Mistake of fact can negate an element of a crime
People v. Speck (Cal. Ct. App., Feb. 2, 2022, No. C093273) 2022 WL 304910
Summary: A jury found Speck guilty of felony vehicle theft (Veh. Code, § 10851, subd. (a)) and receiving stolen property (Pen. Code, § 496d) with special allegations that the Honda was valued at over $950. The jury found defendant guilty as charged of both counts and the value allegations. The trial court sentenced him to the upper terms of three years in “county prison” for unlawfully driving a vehicle and three years for receiving stolen property, with sentence on the latter count stayed pursuant to section 654. Speck appealed claiming that the trial court prejudicially erred in failing to instruct the jury on mistake of fact. (CALCRIM No. 3406.)
The Court of appeal agreed and reversed the judgment.
.Jury Instructions on Mistake of Fact
Defense counsel requested the trial court instruct the jury with CALCRIM No. 3406 regarding mistake of fact based on Speck’s testimony that he mistakenly but actually believed he had permission from the person he believed was the owner to drive the car, which he mistakenly but actually believed was not stolen.
CALCRIM No. 3406, Mistake of Fact, provides: “The defendant is not guilty of <insert crime[s]> if (he/she) did not have the intent or mental state required to commit the crime because (he/she) [reasonably] did not know a fact or [reasonably and] mistakenly believed a fact.
“If the defendant’s conduct would have been lawful under the facts as (he/she) [reasonably] believed them to be, (he/she) did not commit <insert crime[s]>. If you find that the defendant believed that <insert alleged mistaken facts> [and if you find that belief was reasonable], (he/she) did not have the specific intent or mental state required for <insert crime[s]>.
“If you have a reasonable doubt about whether the defendant had the specific intent or mental state required for <insert crime[s]>, you must find (him/her) not guilty of (that crime/those crimes).”
The Bench Notes to CALCRIM No. 3406 as well as relevant case law make clear that the bracketed language requiring that the lack of knowledge or mistaken belief be reasonable is not applicable to crimes requiring specific criminal intent, such as the two charges against Speck.
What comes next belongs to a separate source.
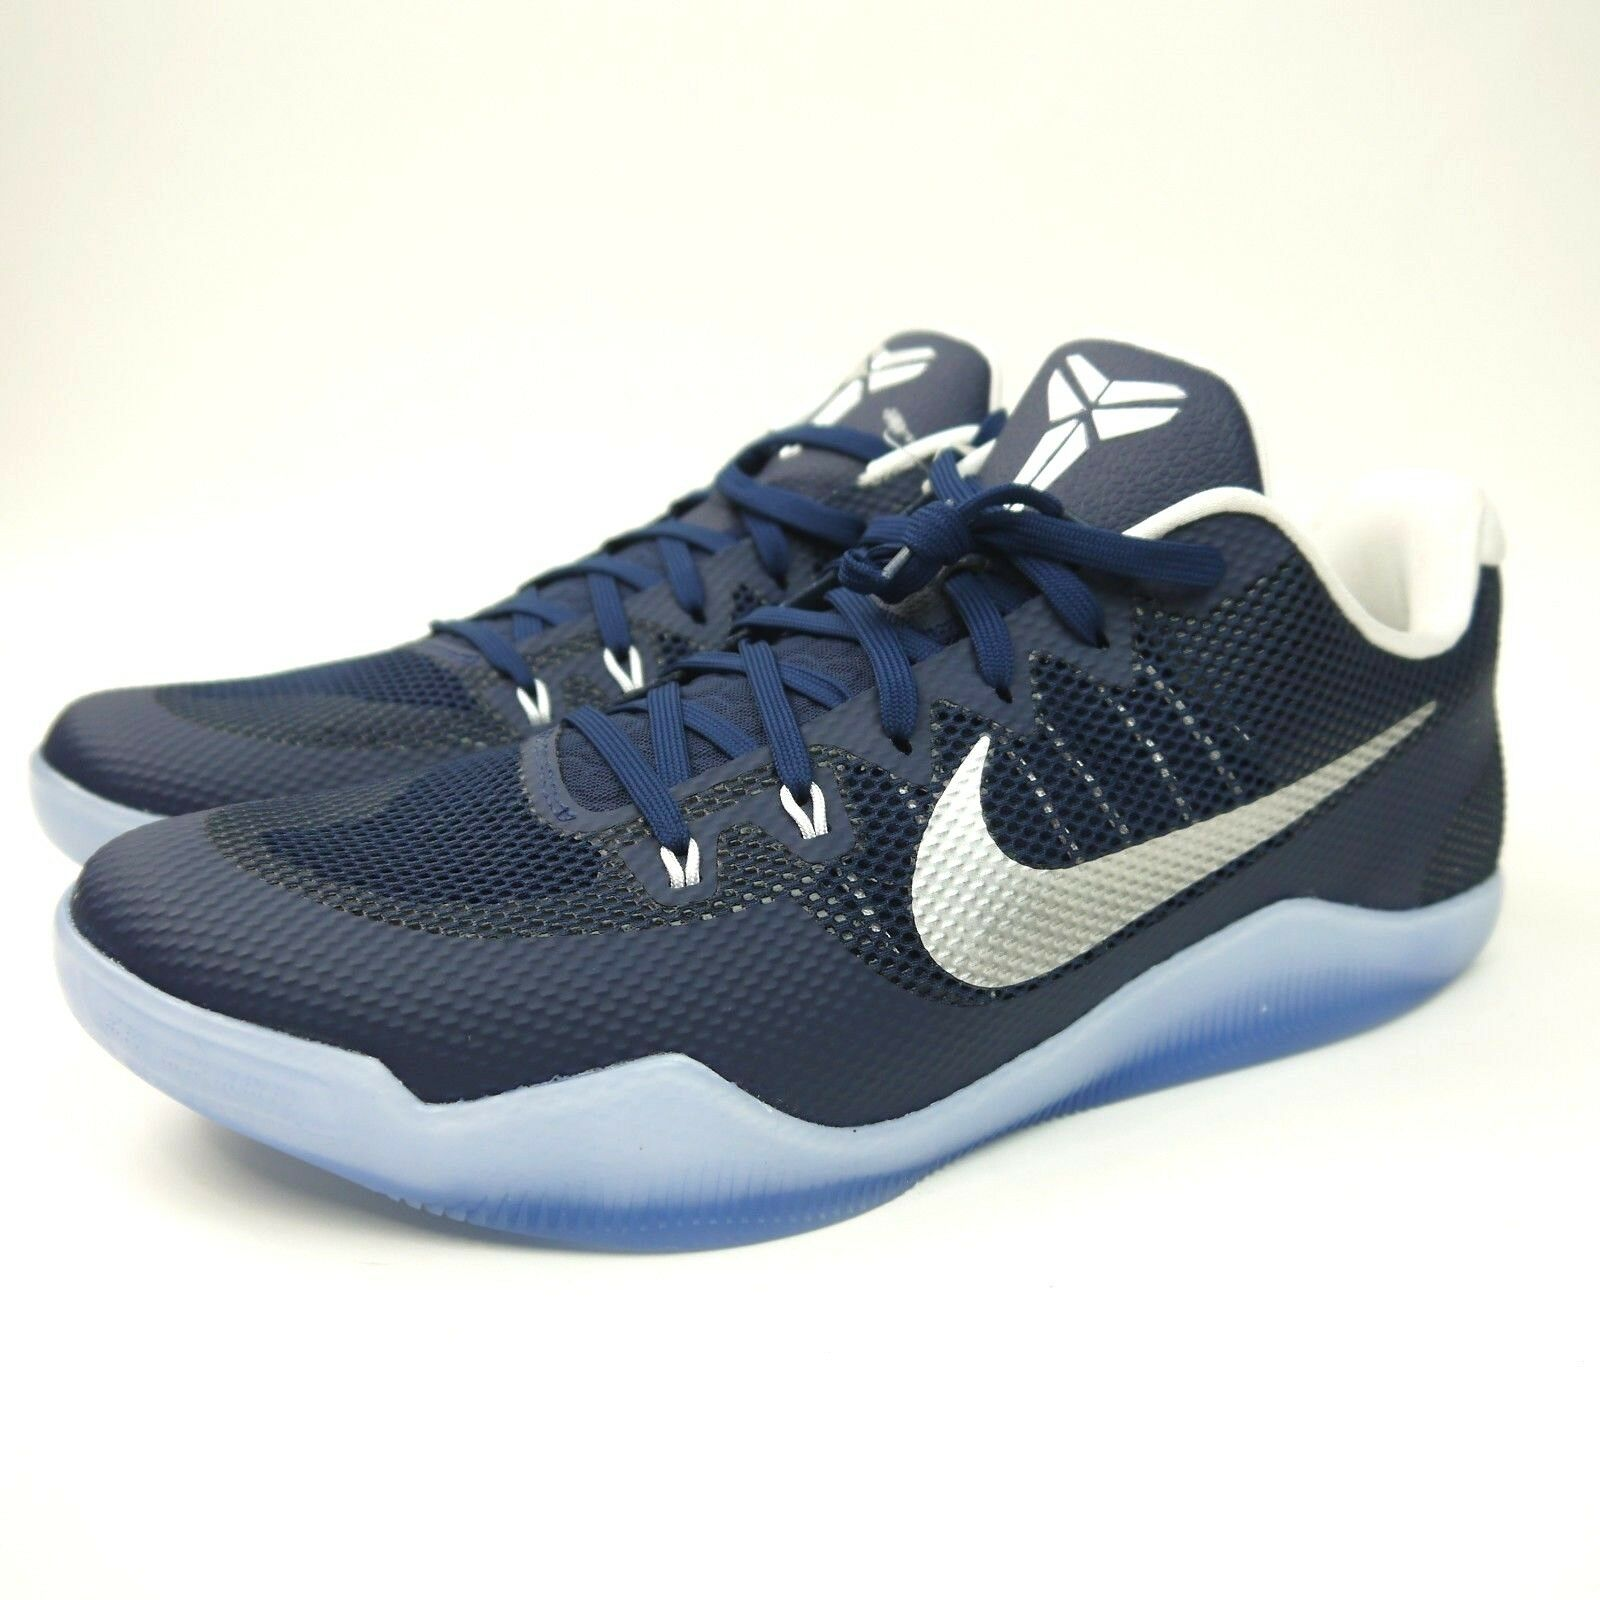 58845b6706d86d NEW Nike Kobe XI 11 TB PROMO 856485-442 White Navy Icy White Navy ...

Instruction on Mistake of fact should be given when requested
A mistake of fact that disproves the required intent for a crime is a defense to criminal liability. (In re Jennings (2004) 34 Cal.4th 254, 276, 17 Cal.Rptr.3d 645, 95 P.3d 906.) Generally, “a mistake of fact defense is not available unless the mistake disproves an element of the offense.” (Id. at p. 277, 17 Cal.Rptr.3d 645, 95 P.3d 906.) A mistake of fact instruction is only appropriate where the defendant’s mistaken belief negates an element of the crime. (People v. Givan (2015) 233 Cal.App.4th 335, 345, 182 Cal.Rptr.3d 592.) The trial court does not have a sua sponte duty to give a mistake of fact instruction. (People v. Lawson (2013) 215 Cal.App.4th 108, 117-118, 155 Cal.Rptr.3d 236.) When requested and when the defendant presents substantial evidence on mistake of fact and the instruction is legally correct, the court is required to give such an instruction. (Anderson, at pp. 996-997, 125 Cal.Rptr.3d 408, 252 P.3d 968.) Whether the offense is a general or specific intent crime, “the defendant’s mistaken belief must relate to a set of circumstances which, if existent or true, would make the act charged an innocent act.” (Lawson, at p. 115, 155 Cal.Rptr.3d 236.)
Speck claimed mistake of fact because that he thought Rakellah-the person from whom he obtained the car-was the Honda’s owner. Because he though had taken the car with permission of the owner, whether he possessed the requisite intent (to permanently deprive the actual owner) would be irrelevant. If Speck mistakenly thought Rakellah was the owner, there is no way he would know the car was stolen under the facts as presented at trial, because he had received the car from Rakellah himself, the rightful owner according to his mistaken belief. If credited, defendant’s claim of mistake as to the Honda’s owner–that it was Rakellah–would have negated the intent and knowledge requirements of both offenses, and made the acts underlying the charged conduct, even if proven in all respects, innocent acts. Speck was entitled to receive the benefit of the pinpoint jury instruction outlining the mistake of fact defense, CALCRIM No. 3406.
The trial court found there was substantial evidence to support the instruction.
Speck’s claimed mistakes of fact were that he thought he had lawfully borrowed the car from Rakellah and that he did not know it was stolen. The jury was not instructed that Spexk’s mistake as to Rakellah’s ownership of the car and his lack of knowledge that the car was stolen, even if unreasonable, negated the necessary intent as to both offenses. This intent was the primary issue in dispute as to both charges. The failure to give the instruction was not harmless.